» **Problem details**
Reproduce every line of the material below exactly. No pictures belong in the copy.

[[ Information supplied open ]]

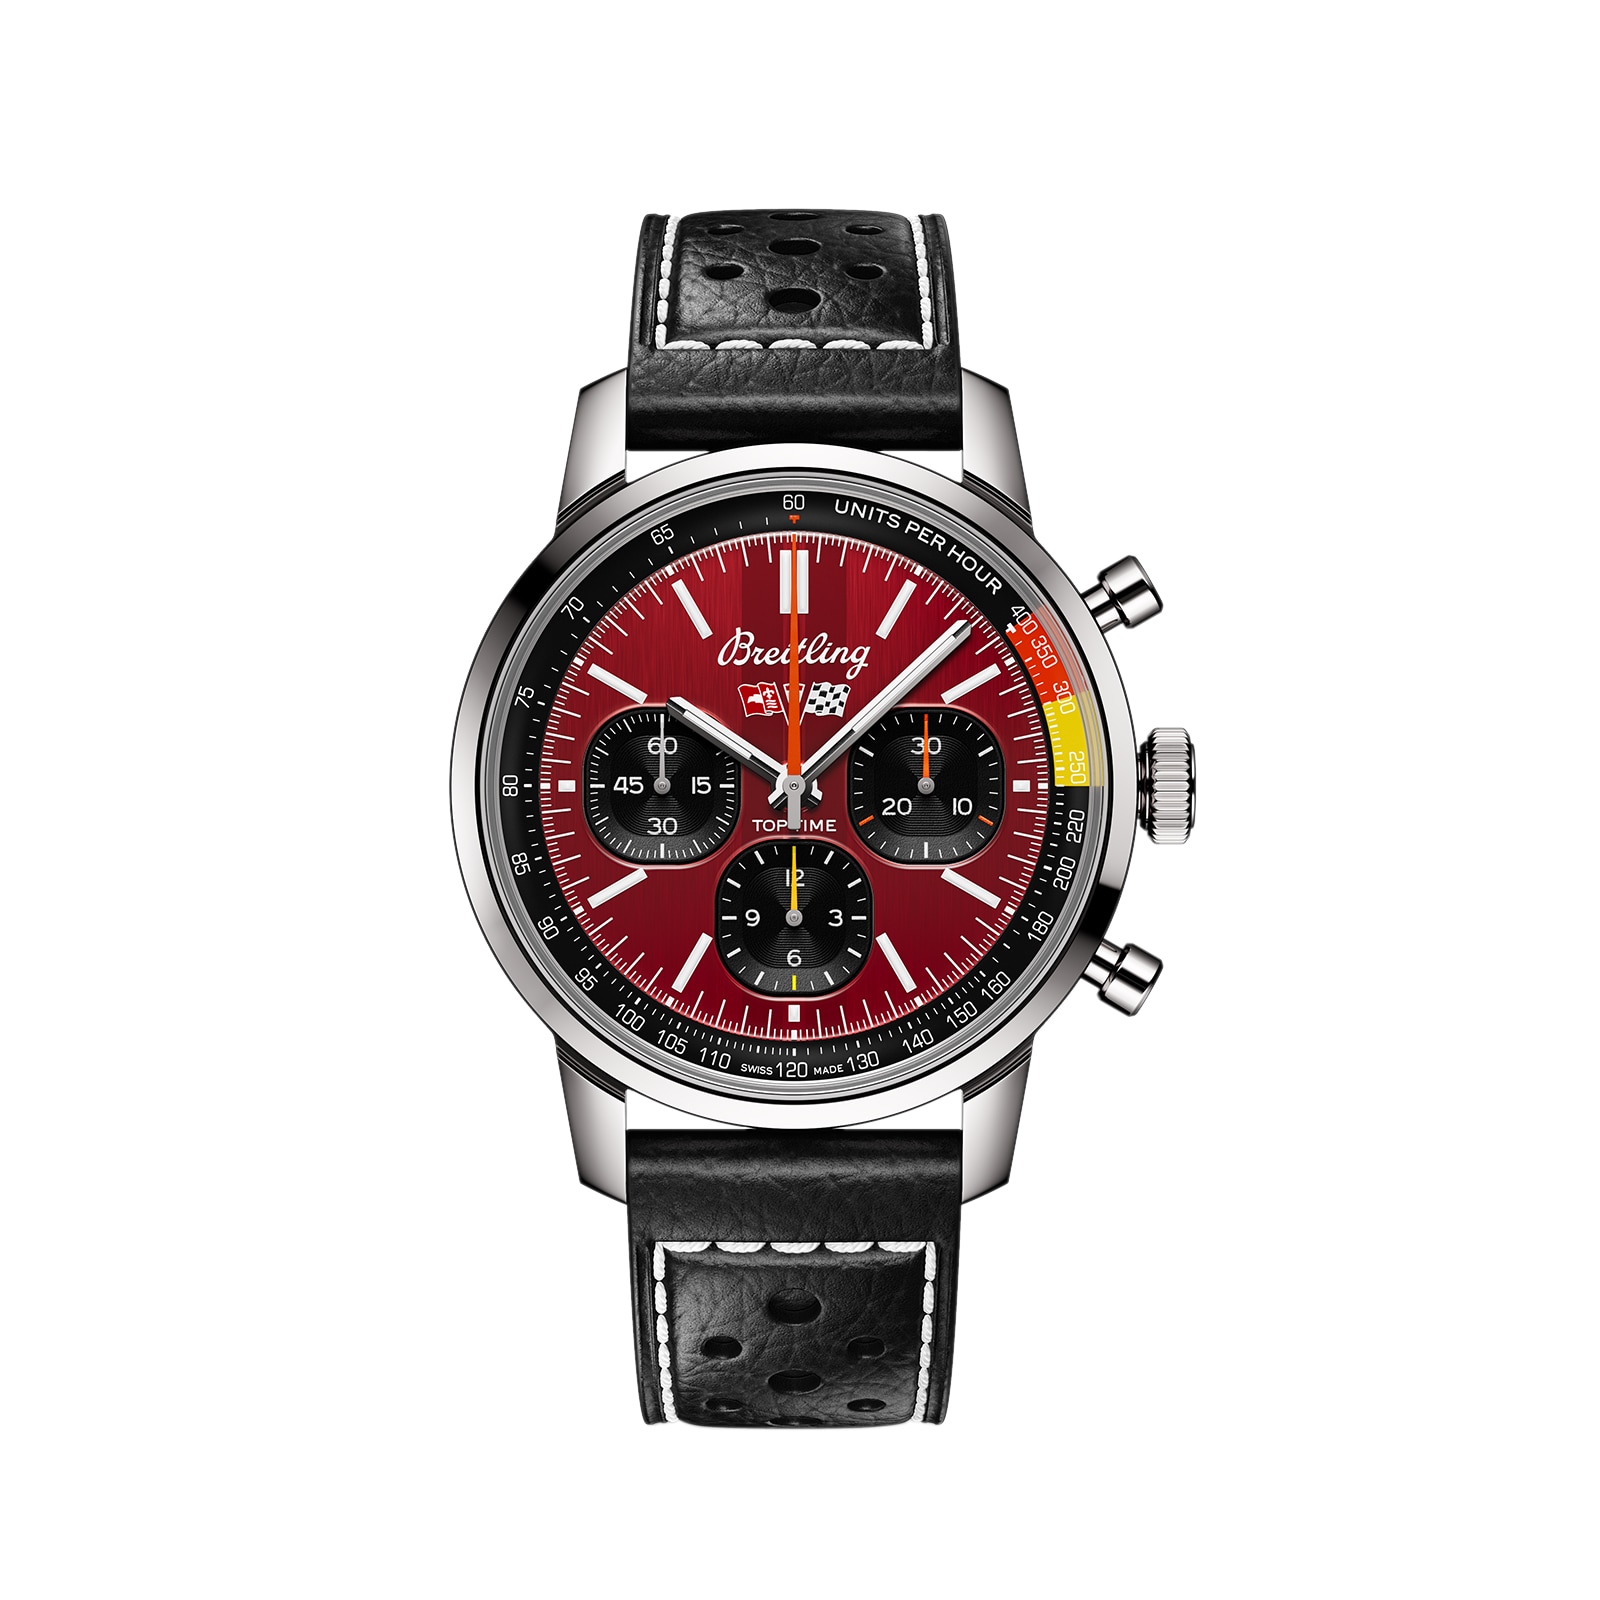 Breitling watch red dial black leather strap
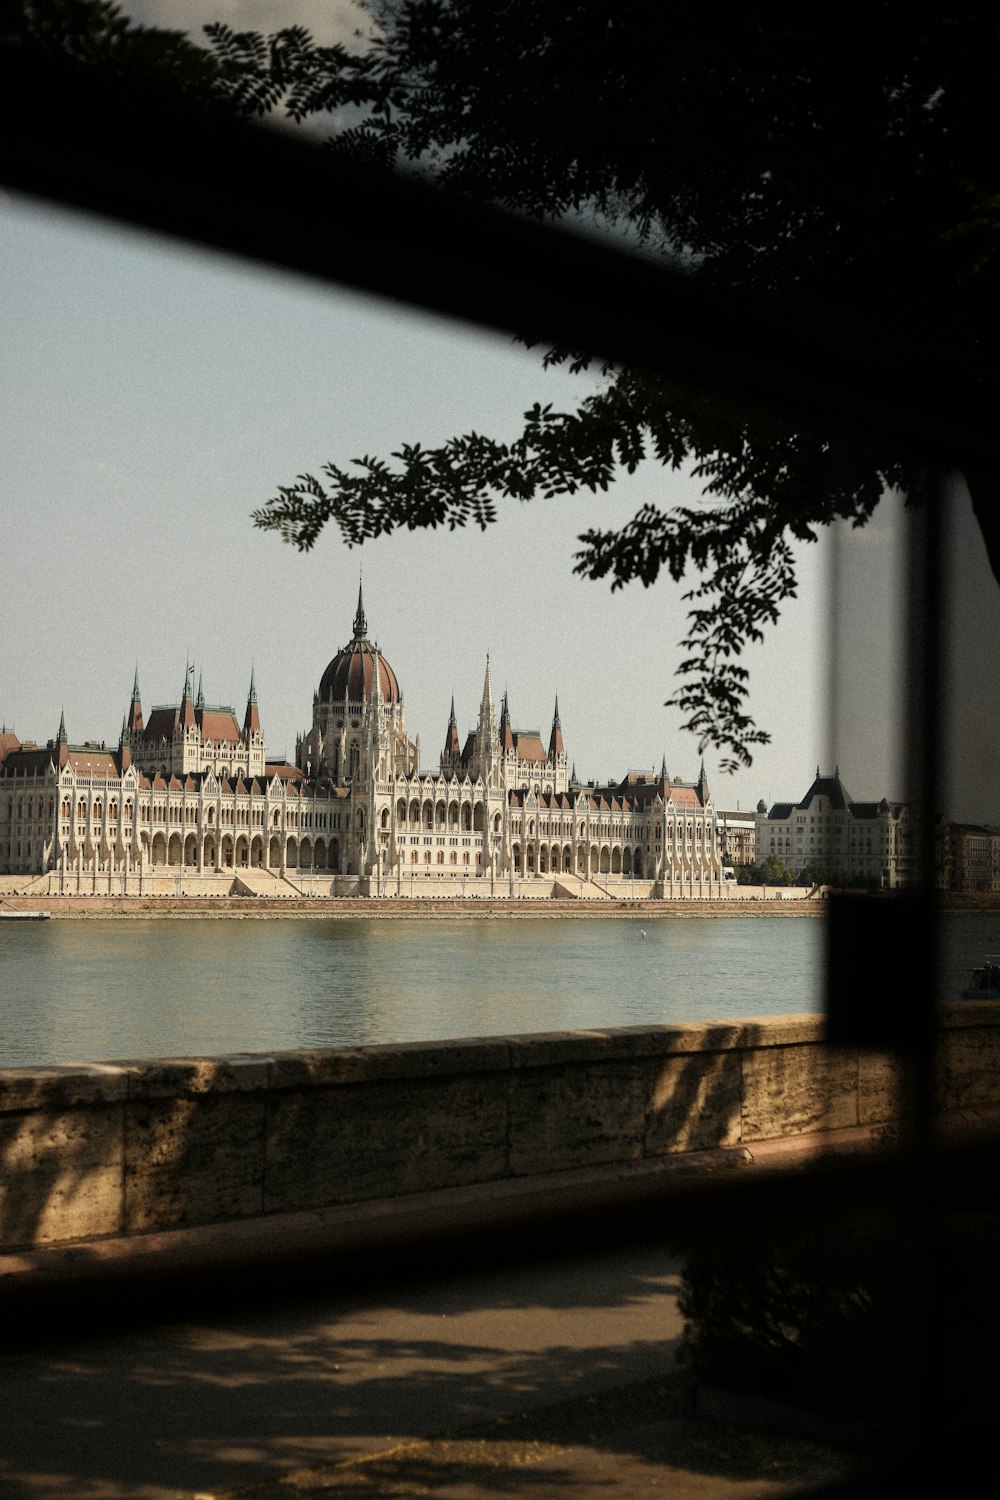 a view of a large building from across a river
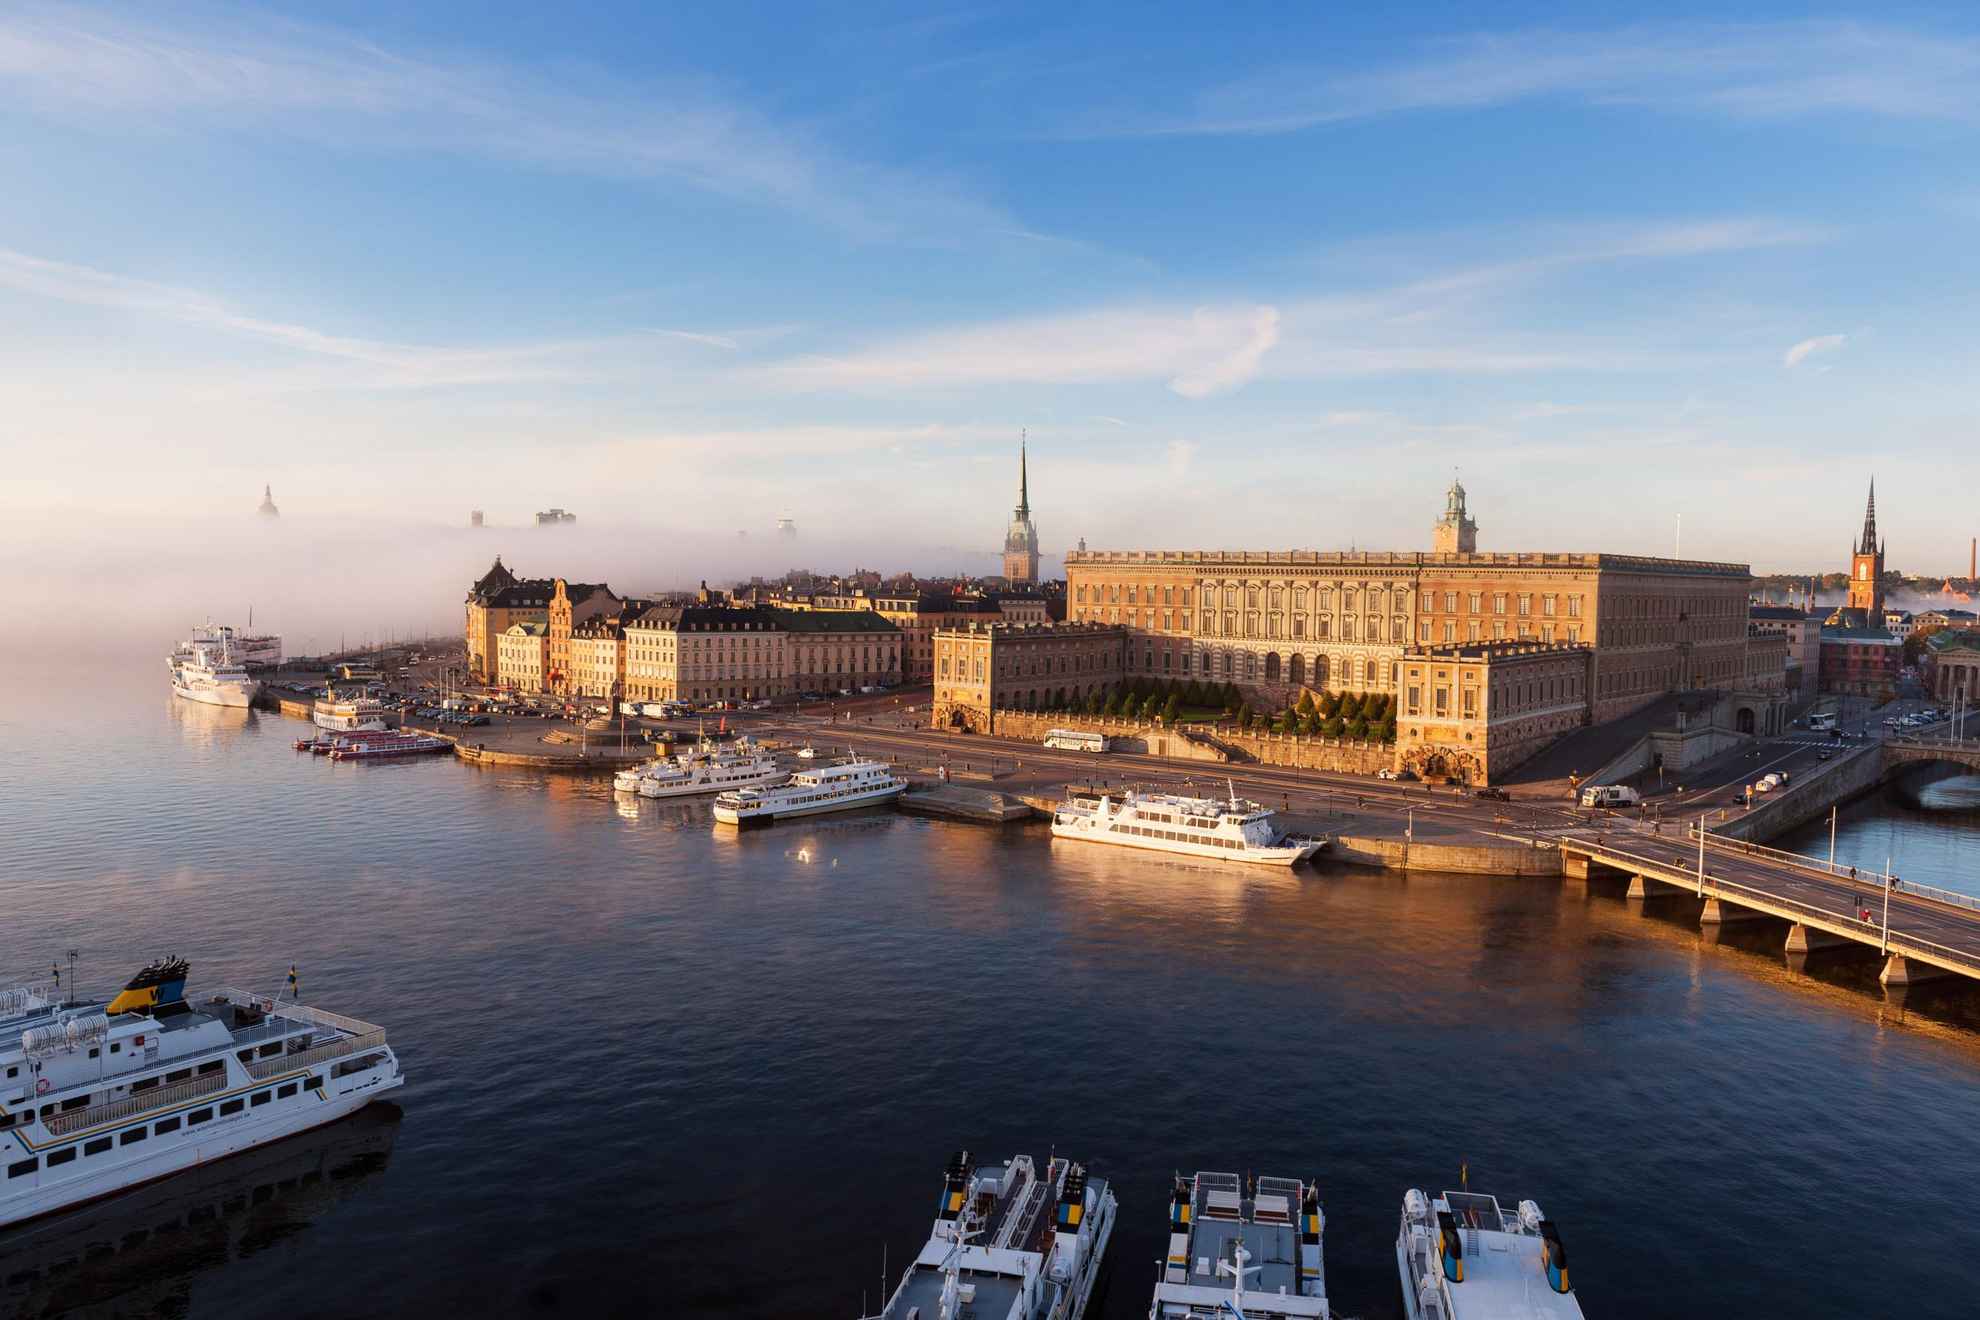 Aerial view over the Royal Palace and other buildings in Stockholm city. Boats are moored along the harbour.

[[ Information supplied closed ]]

» **Answer to this exercise**
 Breitling watch red dial black leather strap
 a view of a large building from across a river
 Aerial view over the Royal Palace and other buildings in Stockholm city. Boats are moored along the harbour.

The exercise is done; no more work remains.